● **Task to carry out**
Copy task, pictures excluded: set down exactly the lines from the one containing "Timberland Boty Farmářky" to the end of the data below.

● **Collected data**
===

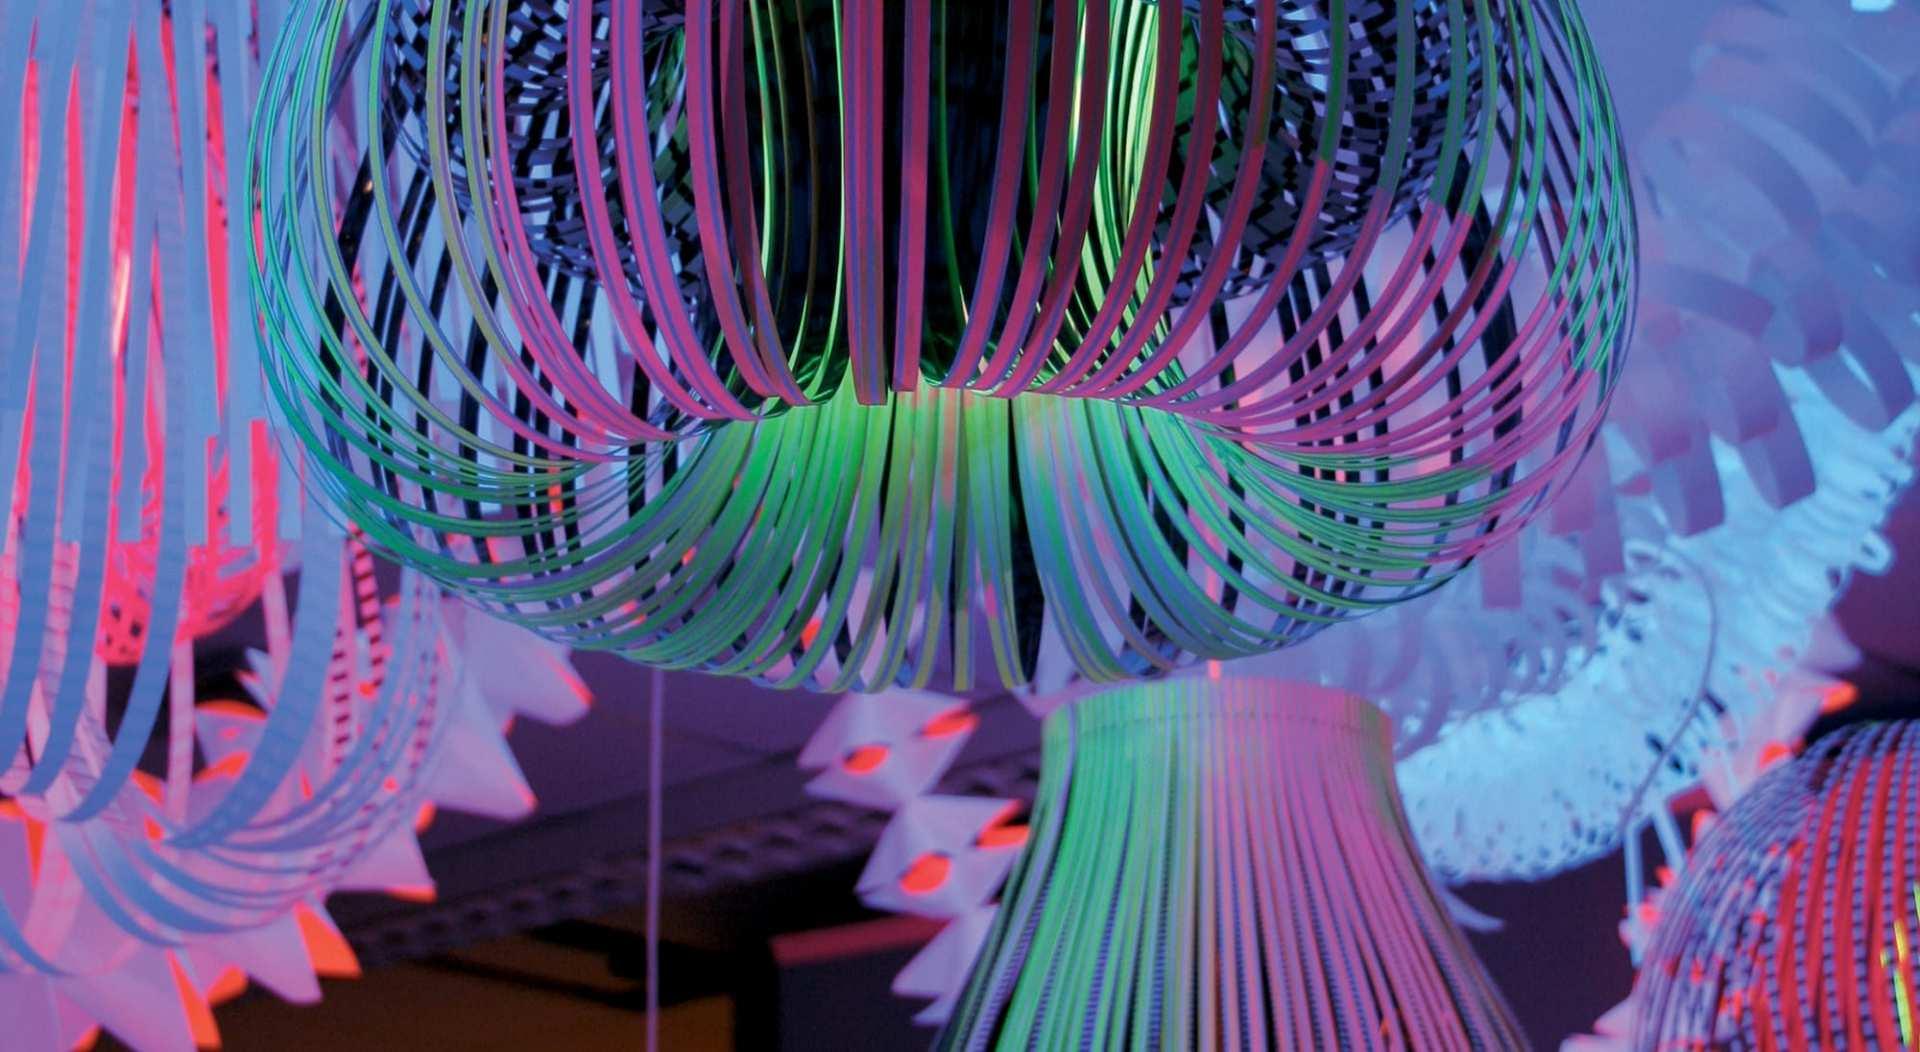 paper_light_installation_setdesign_design__art_paula_arntzen
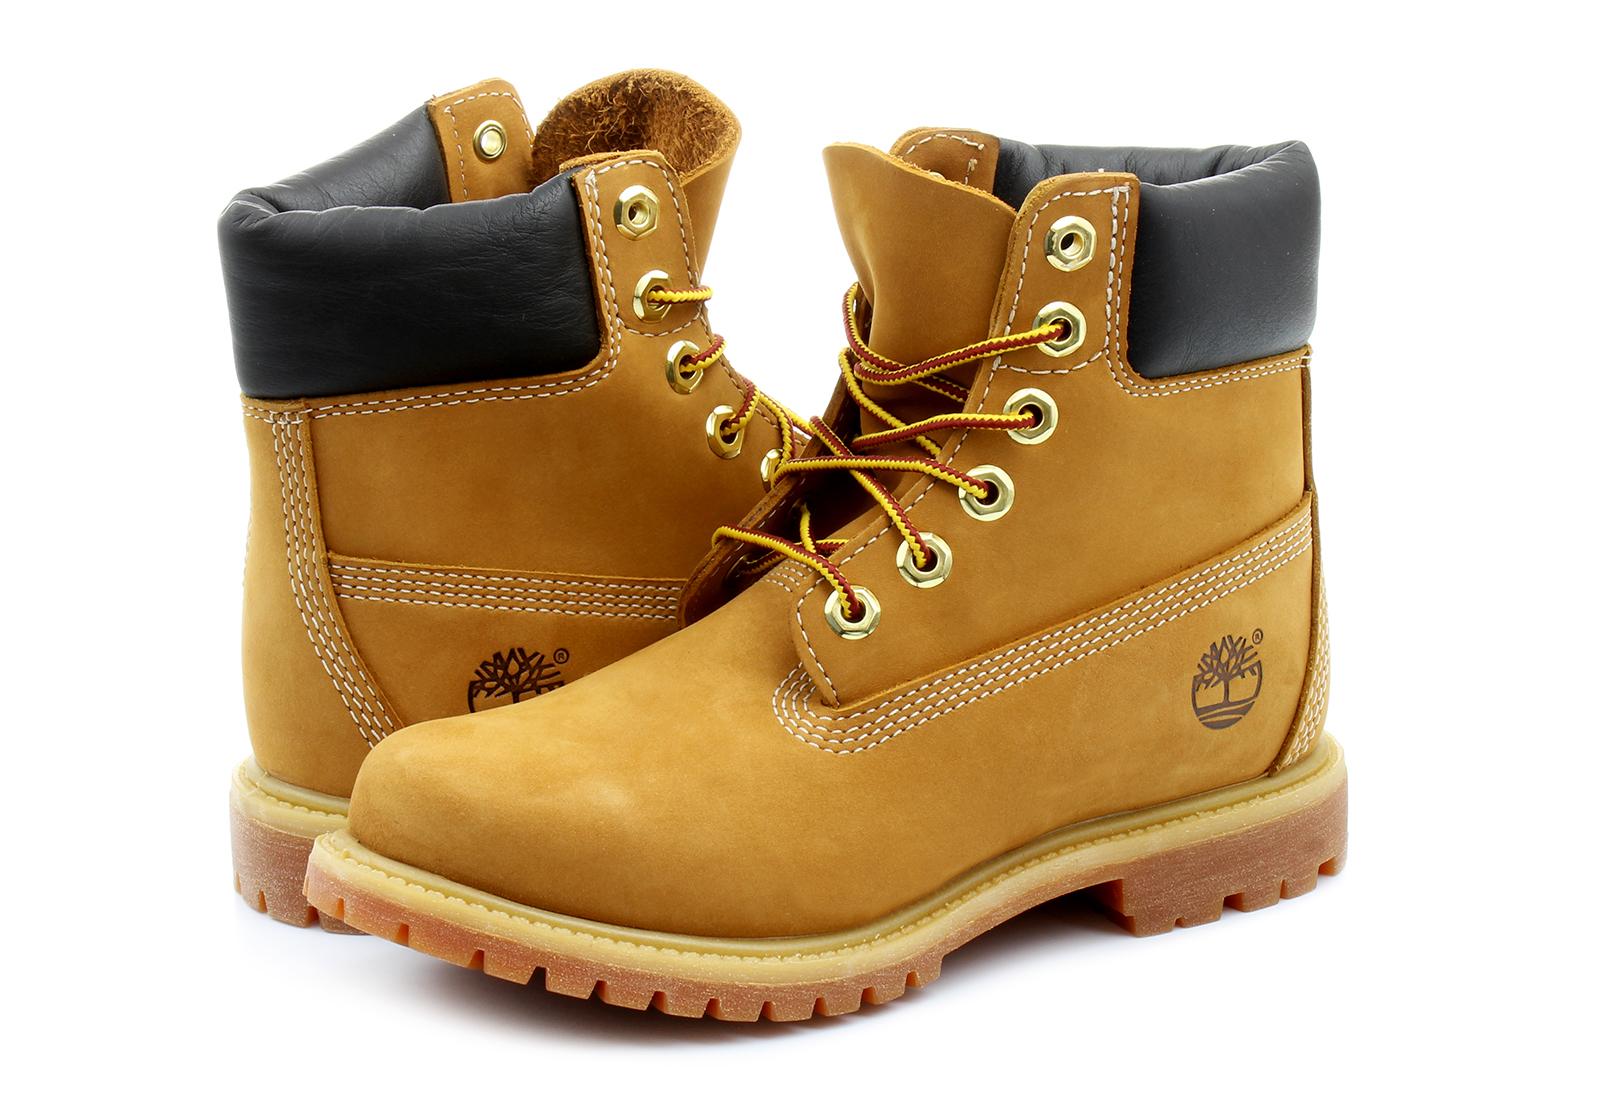 Timberland Boty Farmářky - 6in Prem Boot - 10361-wheTenisky 67e038842f
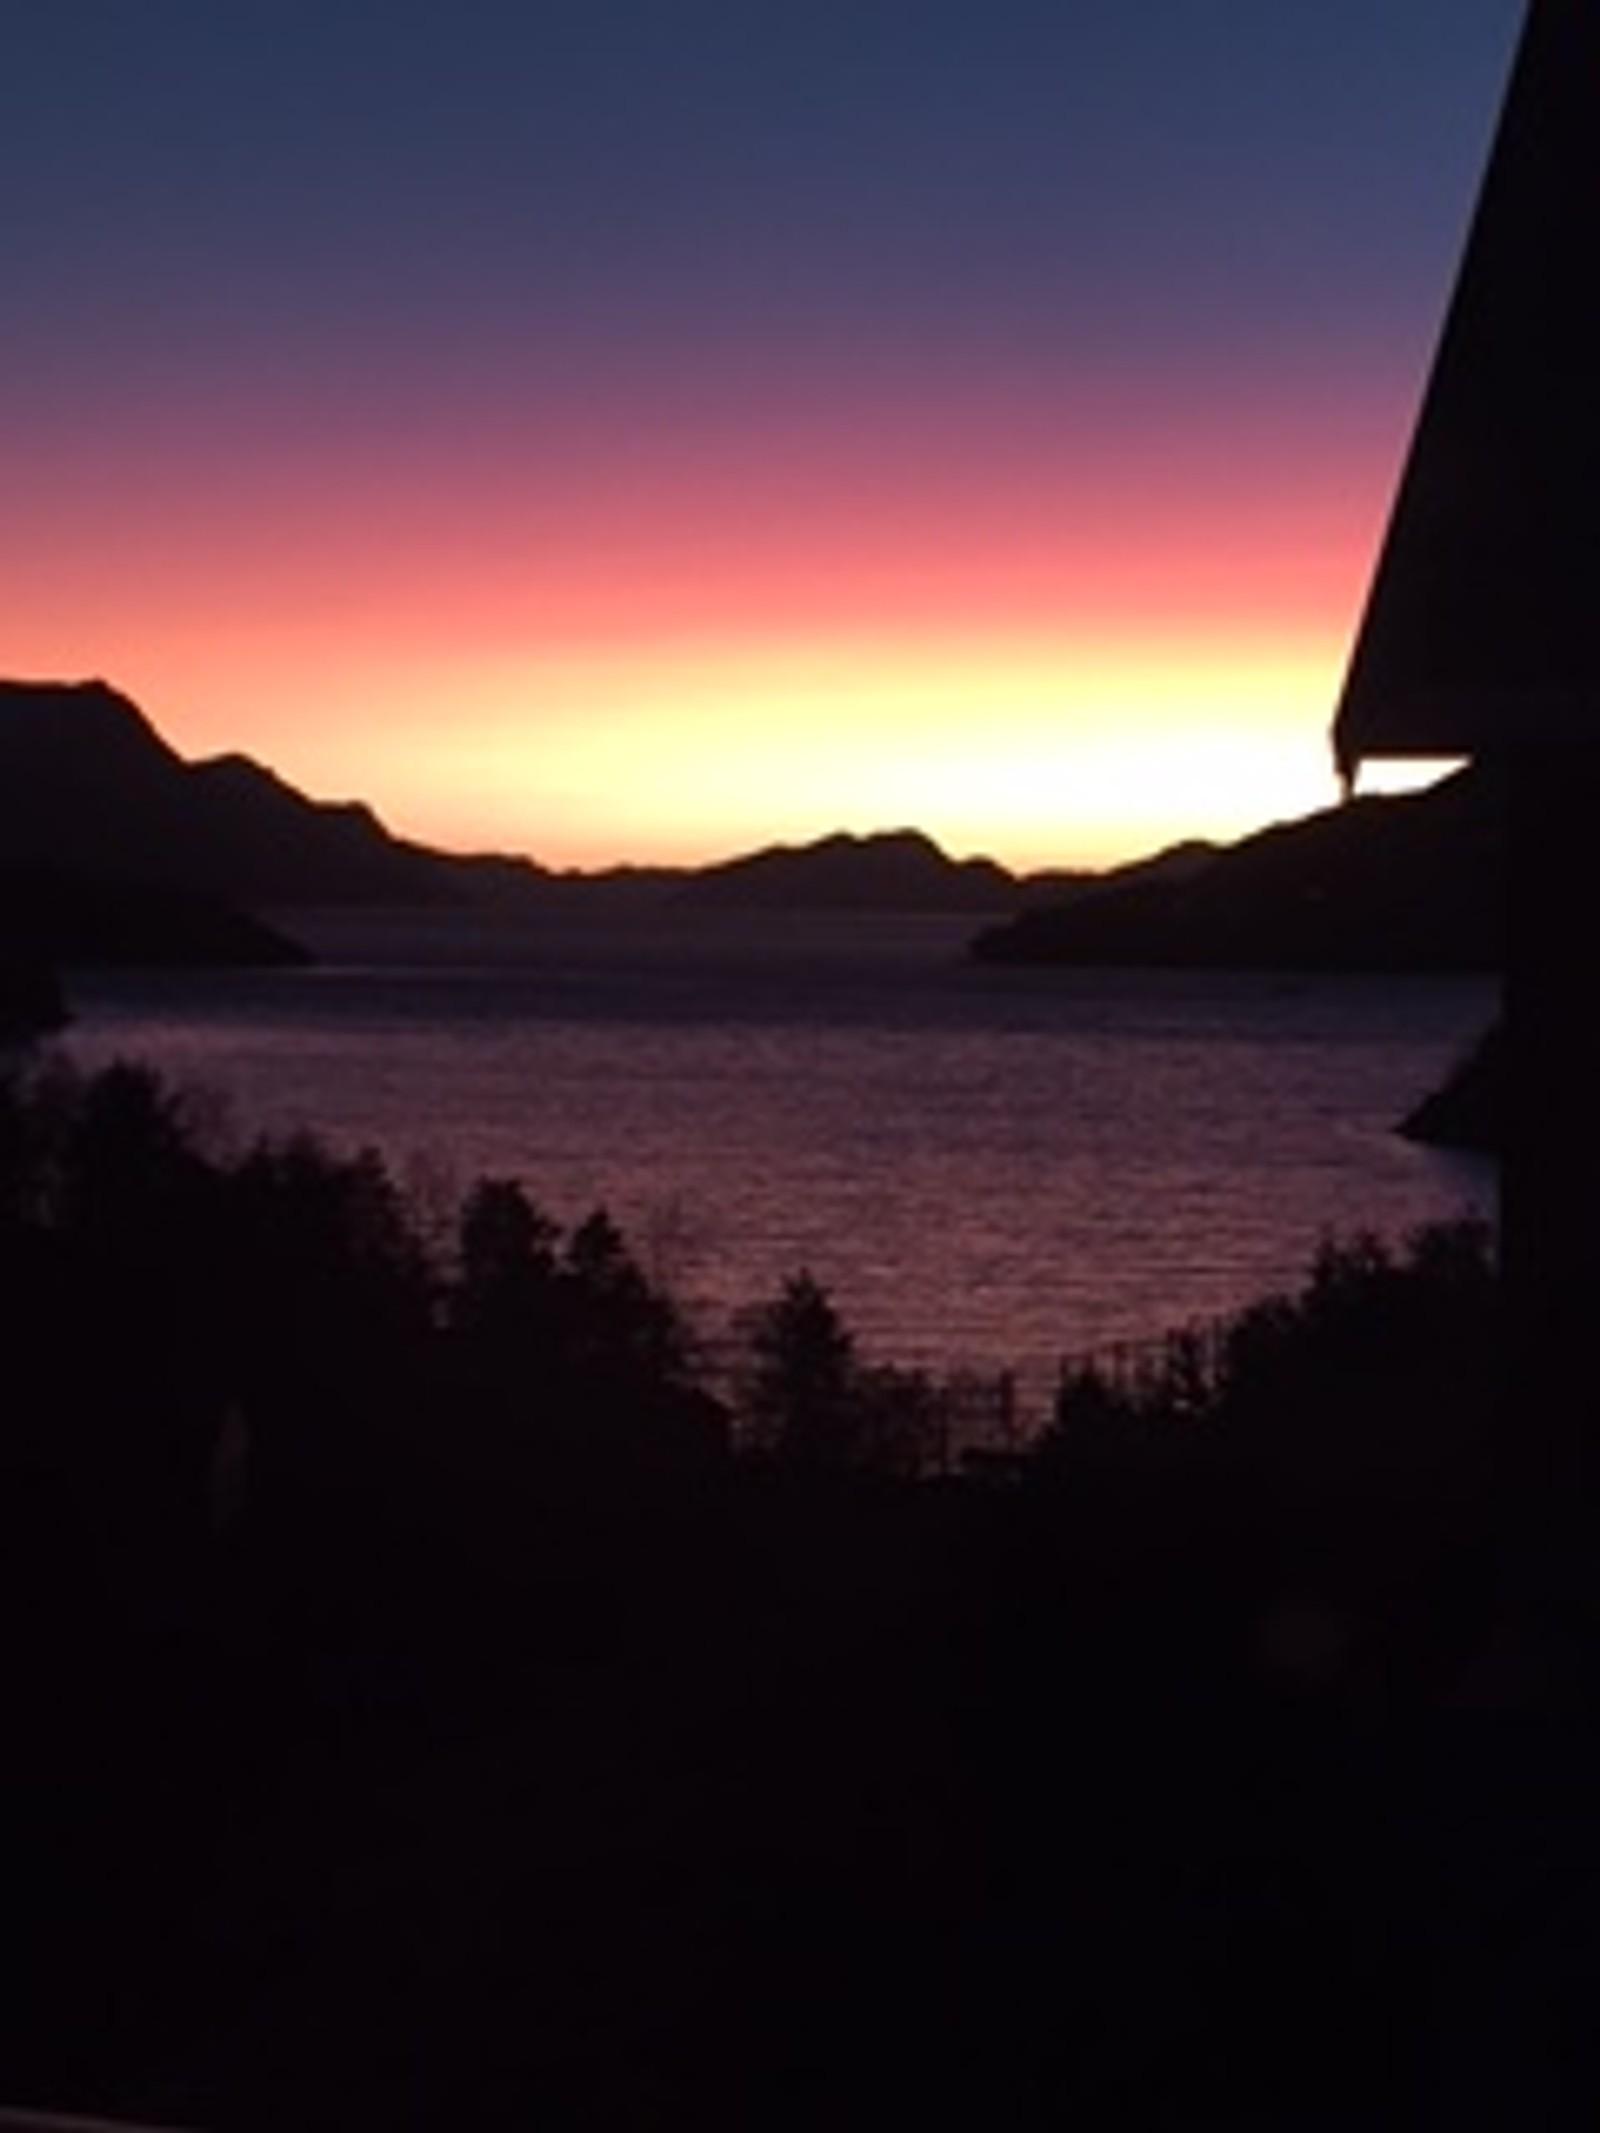 Solnedgang over Eikenosvågen, Ålesund.

===

● **Solution for this problem**
 Timberland Boty Farmářky - 6in Prem Boot - 10361-wheTenisky 67e038842f
 Solnedgang over Eikenosvågen, Ålesund.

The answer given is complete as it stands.